### Dataset excerpt
[Start of section]

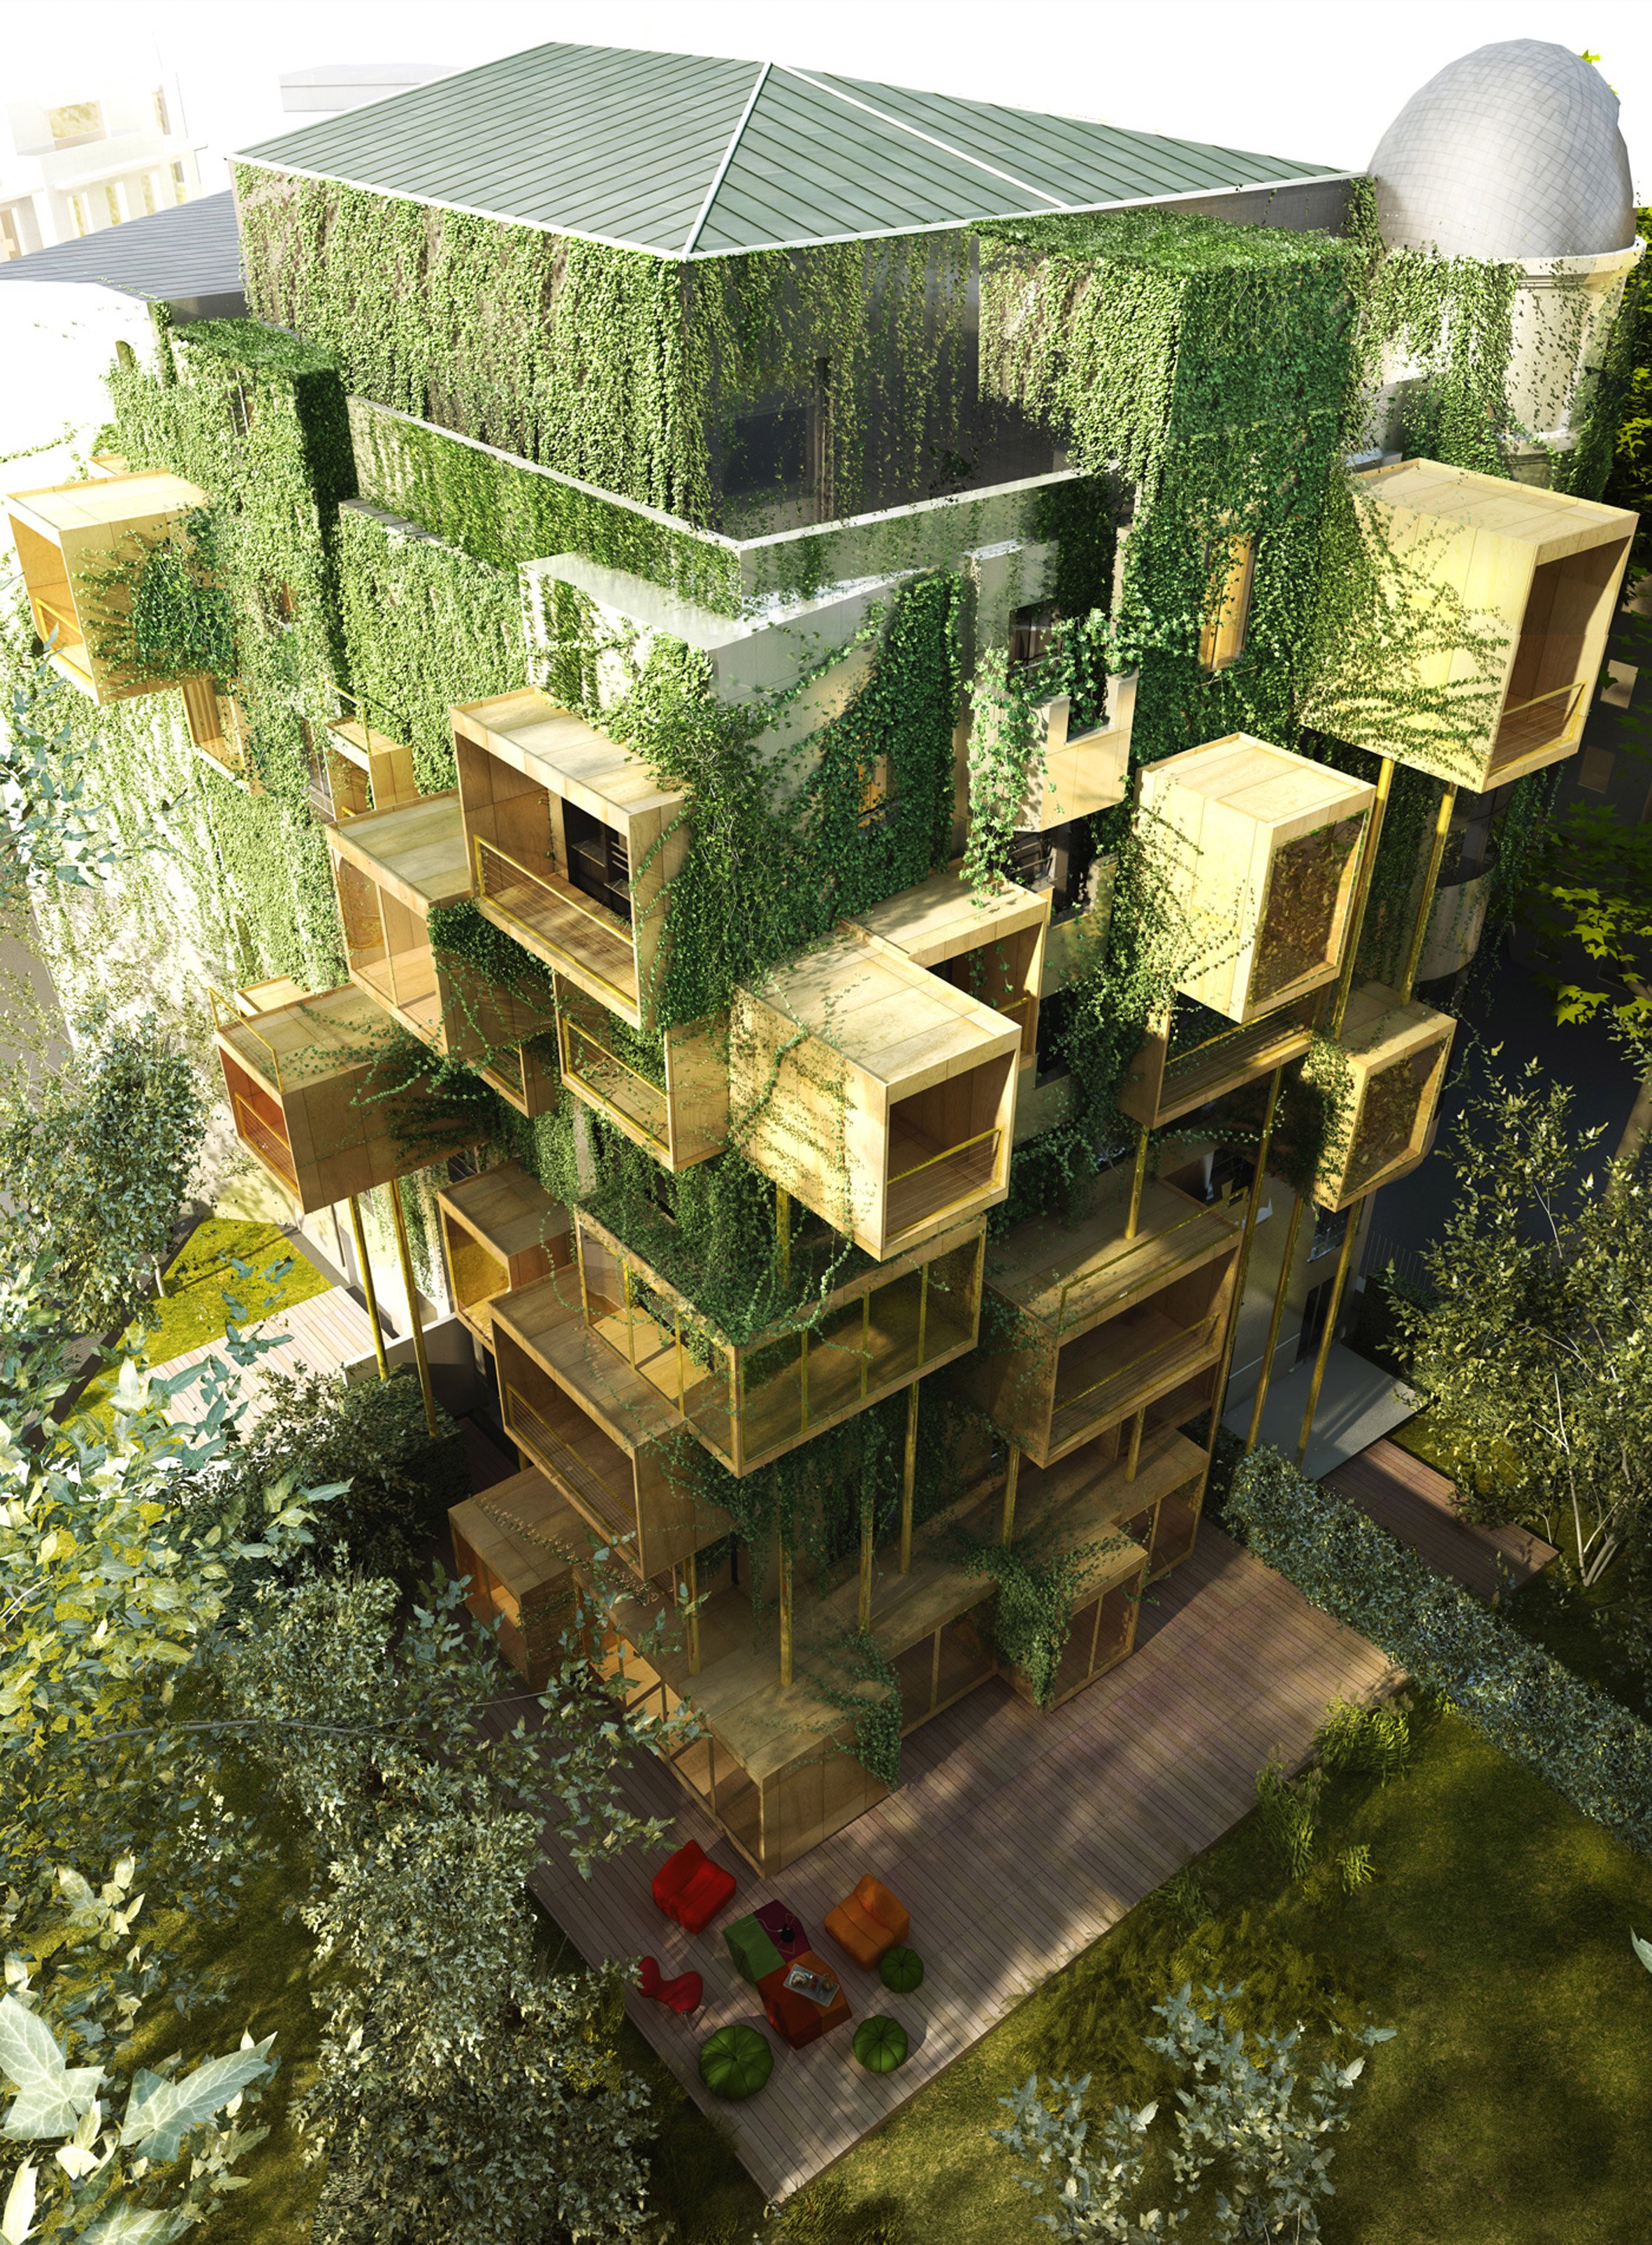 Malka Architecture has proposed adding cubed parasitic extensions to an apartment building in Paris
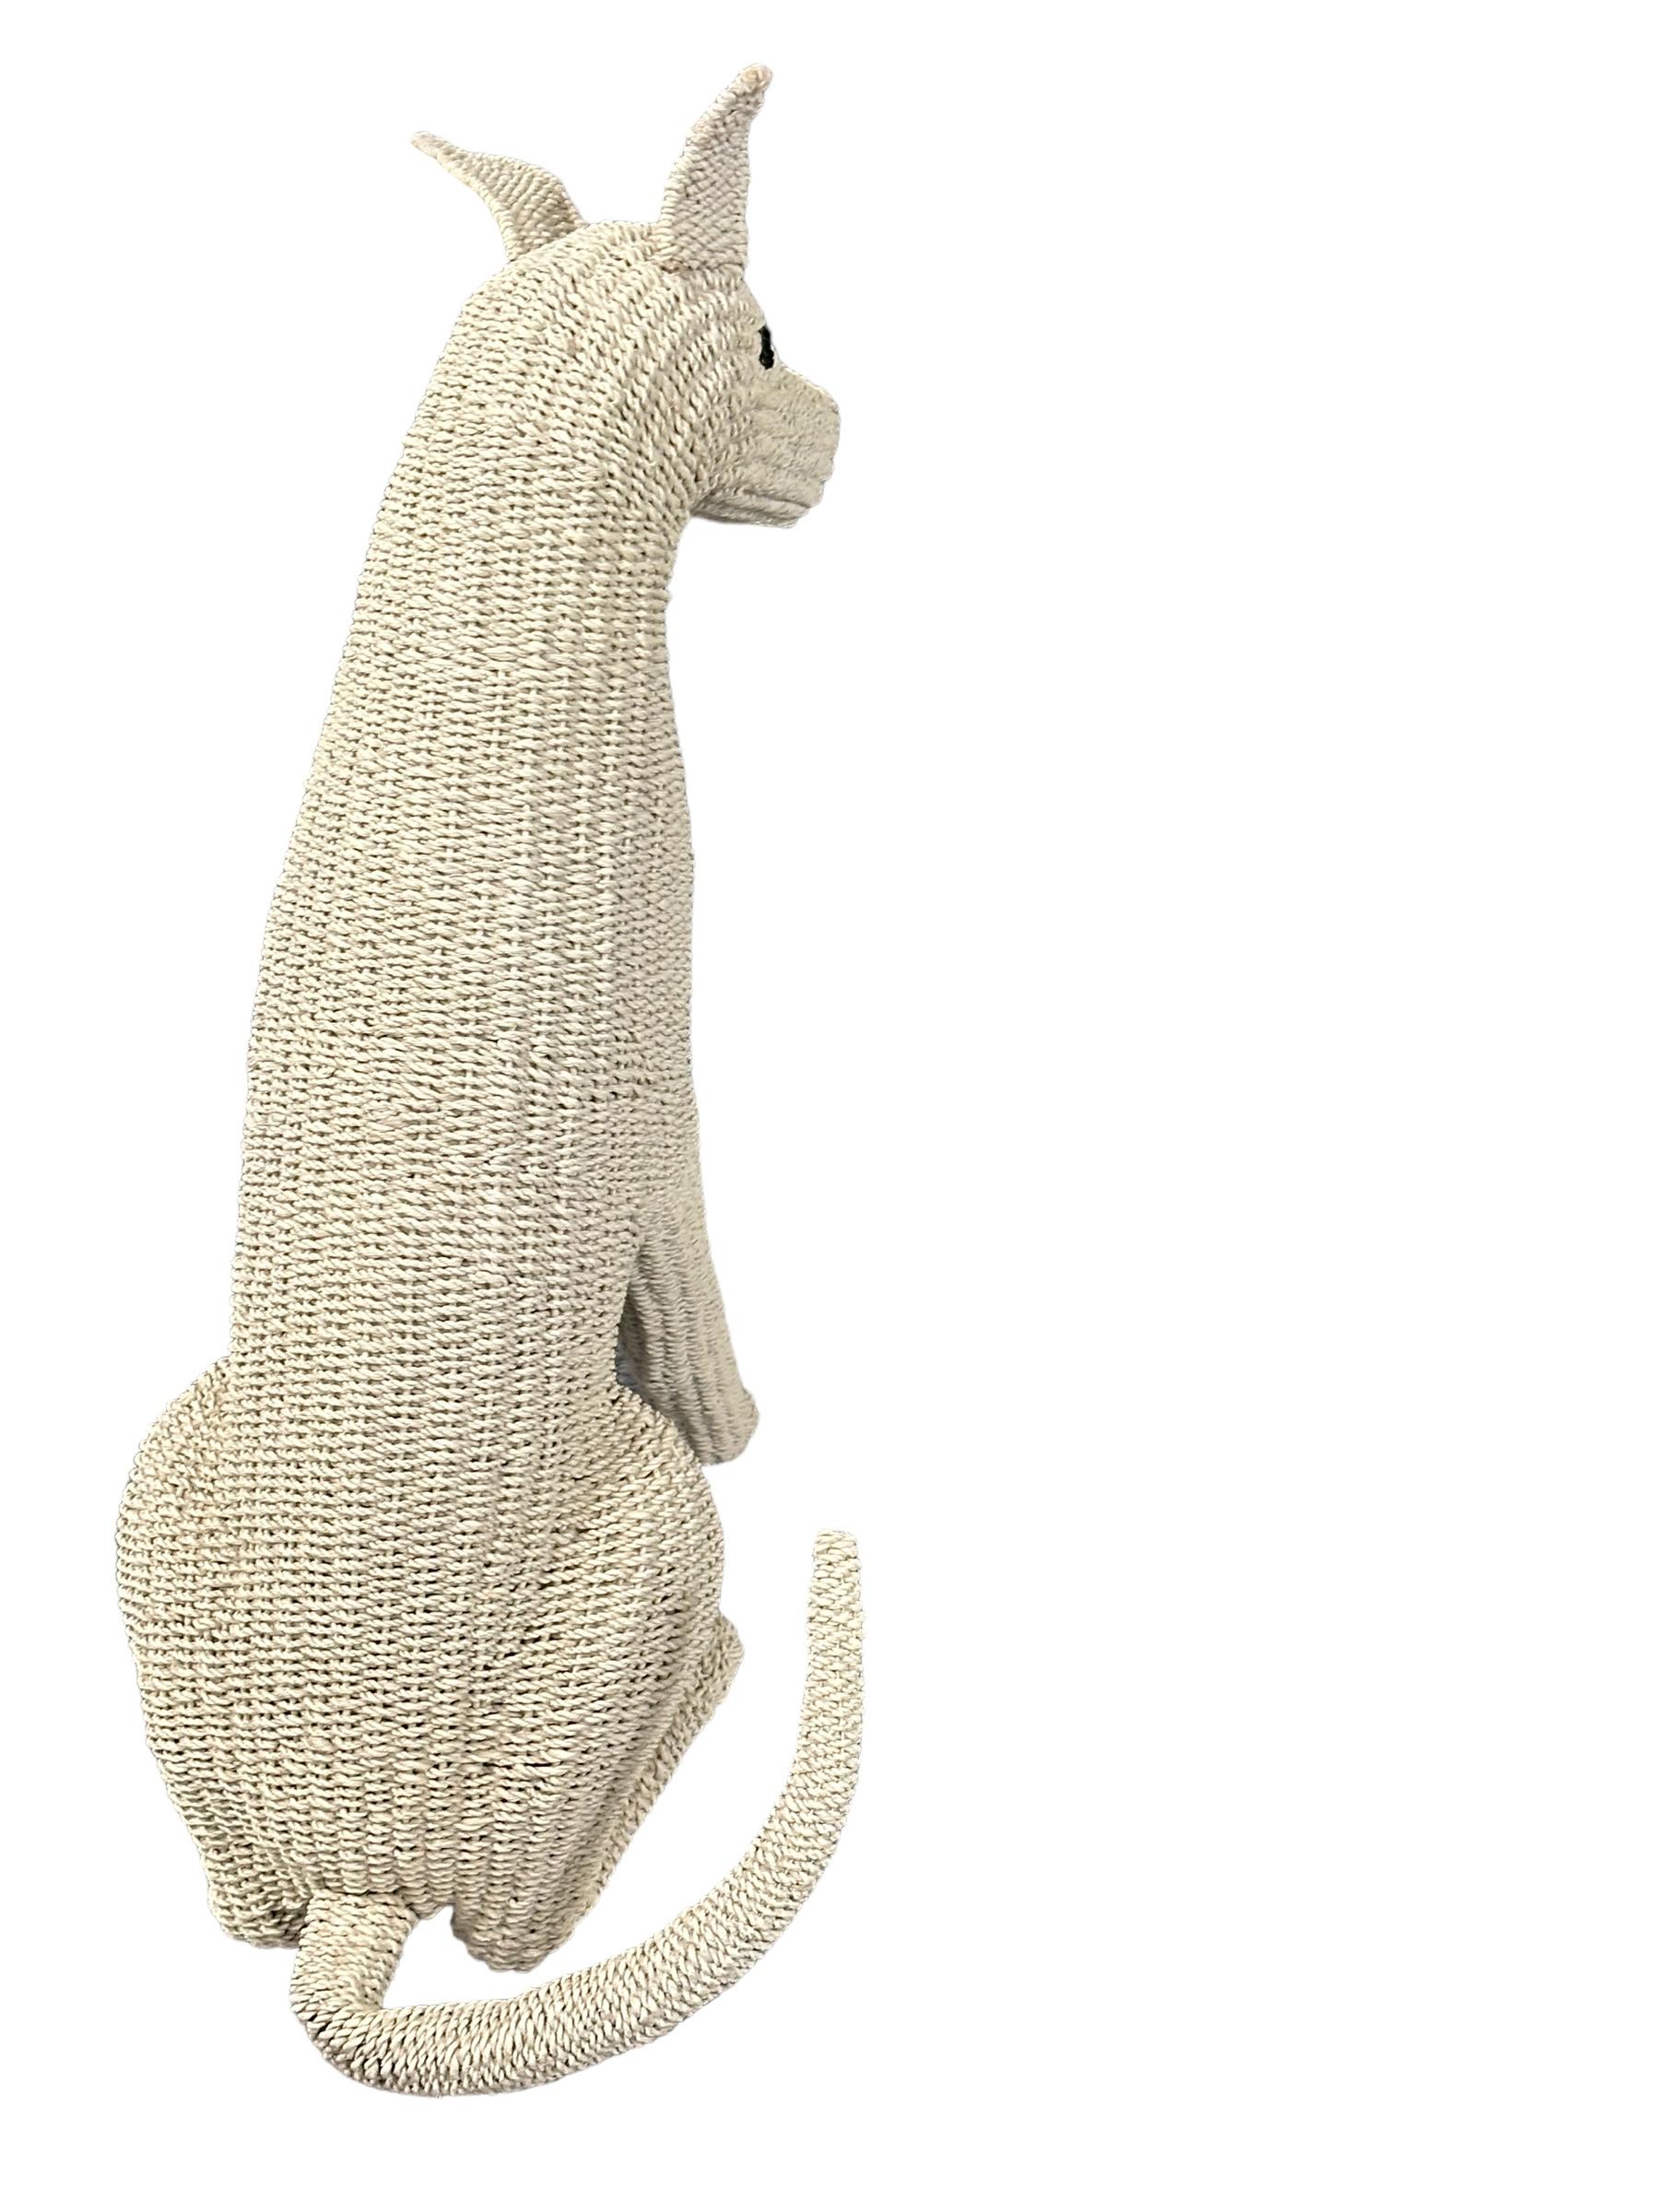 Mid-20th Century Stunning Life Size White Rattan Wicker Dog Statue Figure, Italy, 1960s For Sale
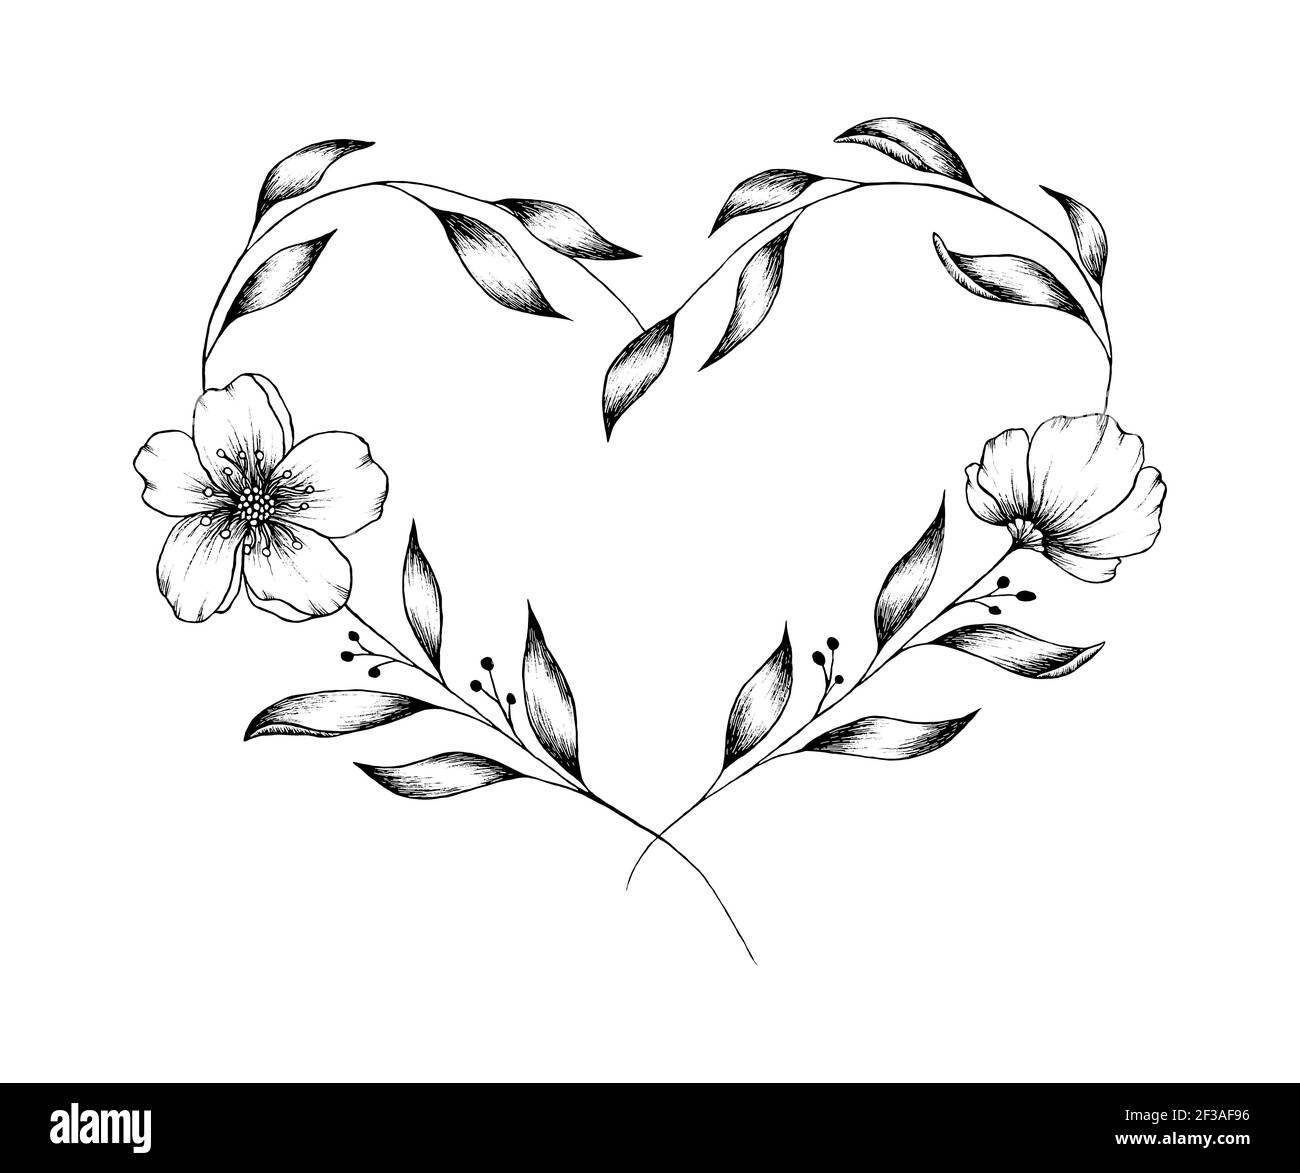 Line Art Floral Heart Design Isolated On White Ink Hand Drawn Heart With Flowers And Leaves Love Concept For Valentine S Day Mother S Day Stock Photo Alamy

[End of section]

### Exercise details
Omitting the pictures, write out the material above exactly as it stands.

### Solution to this problem
 Malka Architecture has proposed adding cubed parasitic extensions to an apartment building in Paris
 Mid-20th Century Stunning Life Size White Rattan Wicker Dog Statue Figure, Italy, 1960s For Sale
 Line Art Floral Heart Design Isolated On White Ink Hand Drawn Heart With Flowers And Leaves Love Concept For Valentine S Day Mother S Day Stock Photo Alamy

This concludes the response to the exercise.